平成26年9月定例会まで瀬戸市議会は決算特別委員会で決算審査を行っていたが、平成27年9月定例会から常任委員会と連動させて予算決算分科会で行うように改革された。
今年はこの制度になって3年目である。
3年ともにすべての分科会、委員会を傍聴してきたがその報告としてあらためて議会による決算審査とは、そして事業評価とは何かを提示し、今後の議会課題を論じてみたい。

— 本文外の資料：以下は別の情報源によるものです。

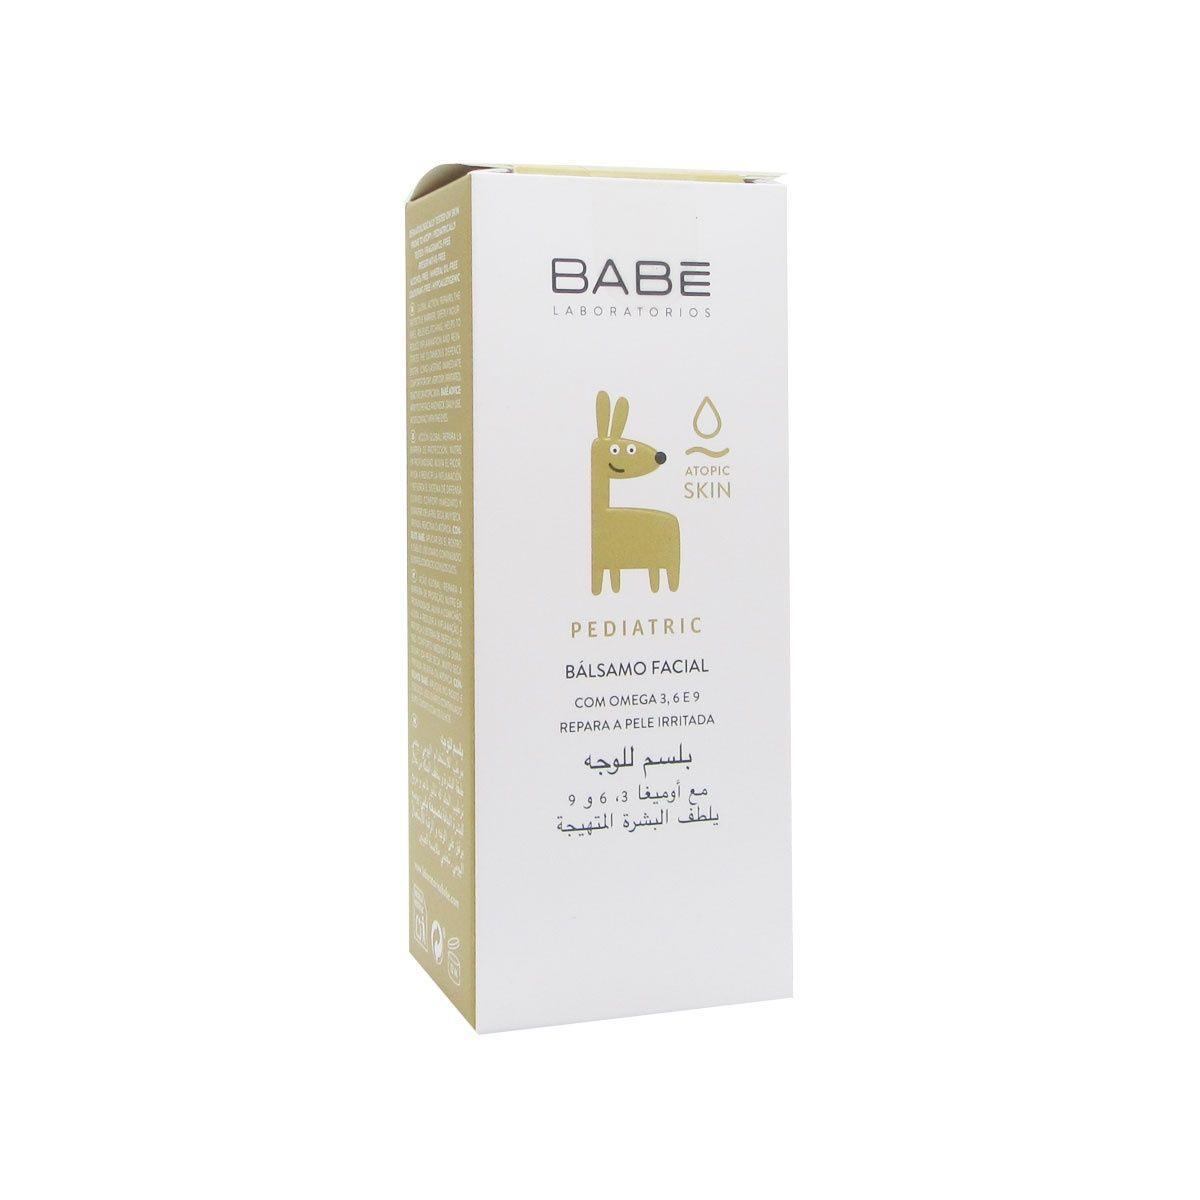 Babe Hidratante Facial Pediátrico SPF 30+ 50 mL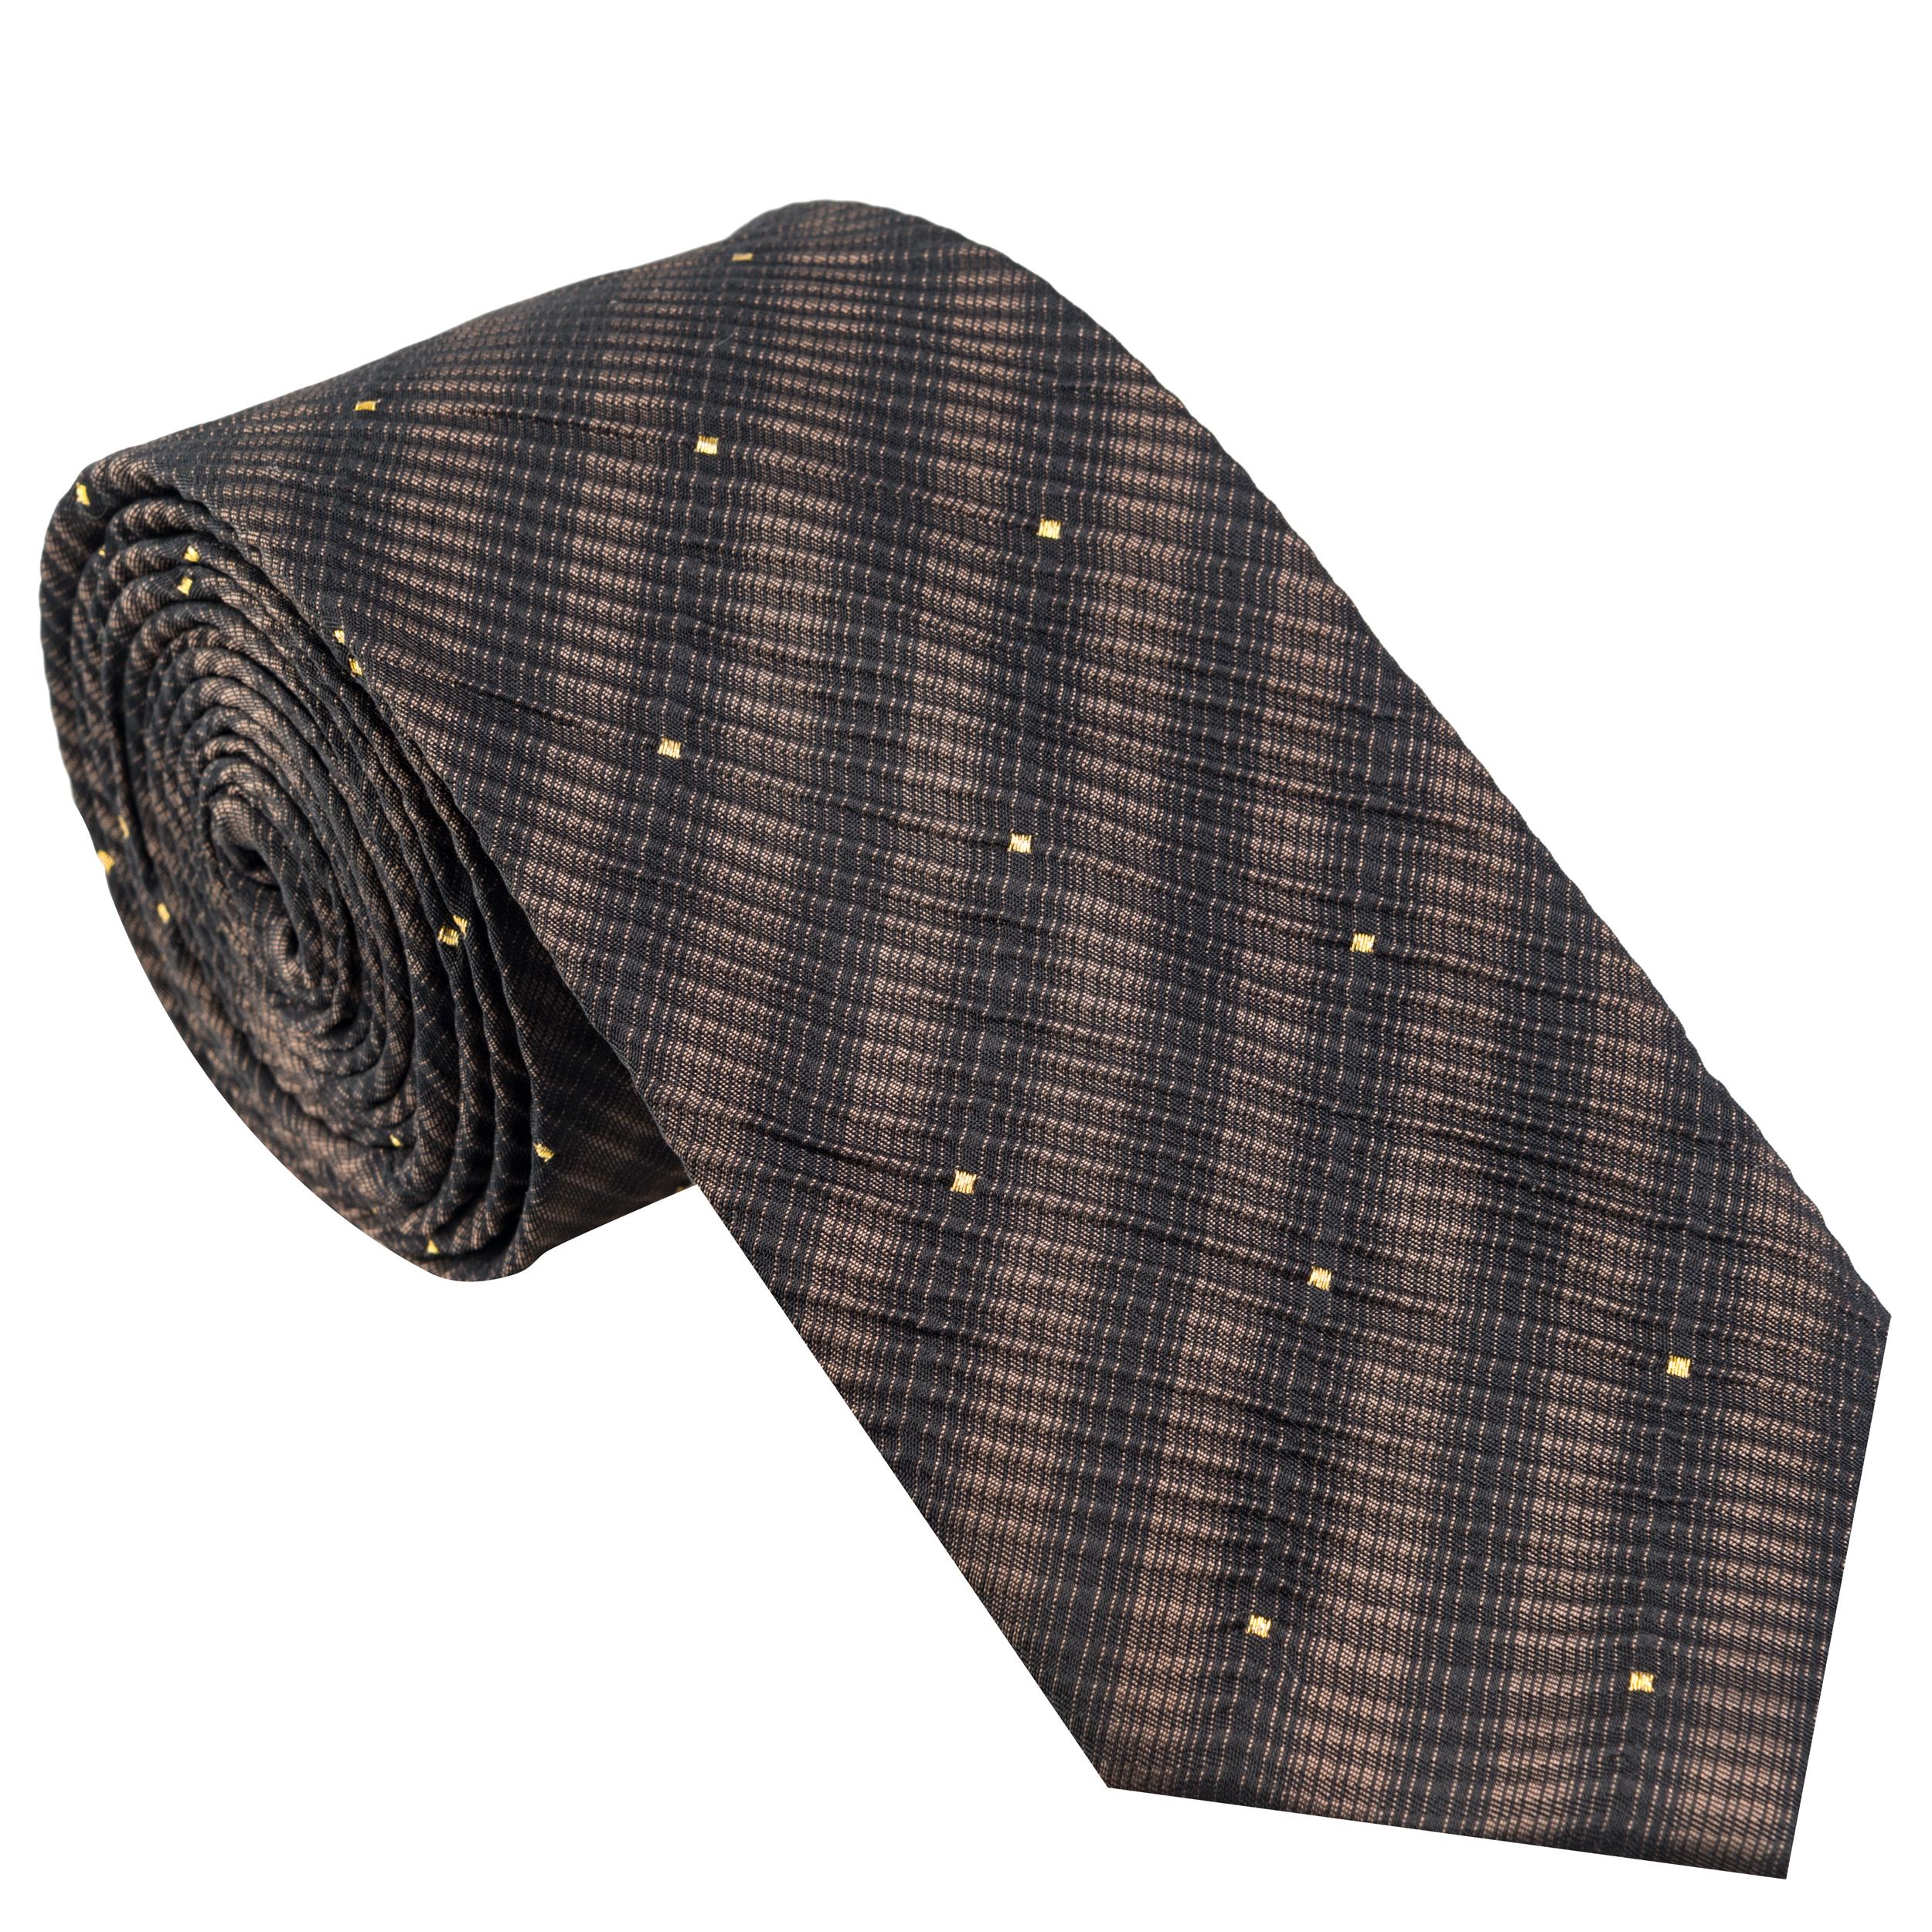 کراوات مردانه جیان فرانکو روسی مدل GF-PO516-BR

地方自治体の予算は自治法第211条で「議会の議決を経なければならない」とされているが、決算は同法233条で「議会の認定に付さなければならない」としている。
つまり予算は議会の議決を経なければ執行できないが、決算はあくまでも認定であり仮に議会が認定しなくても、翌年の予算策定が妨げられることはない。

ではなぜ決算の認定を議会に諮っているのだろうか。
それは「財政民主主義」の考えによるからである。

財政民主主義とは国民(住民)が予算を通じて、財政を民主主義的にコントロールすることである。

いくつかある「予算原則」をみていく。

完全性の原則=すべての収支と支出は漏れなく予算に計上されなければならない。
 歳入歳出ともすべてこれを予算に編入しなければならない(財政法第14条)とある。

総計予算主義の原則=収入と支出の差額のみを計上することを禁止する。
 収入を得るのに要する経費を収入から控除し、支出に伴って生じる収入を支出から控除して純収支を歳入歳出予算に計上する方式、これを「純計主義」というが、自治体予算はこの純計主義を禁止している。利潤を追求する民間企業では認められている。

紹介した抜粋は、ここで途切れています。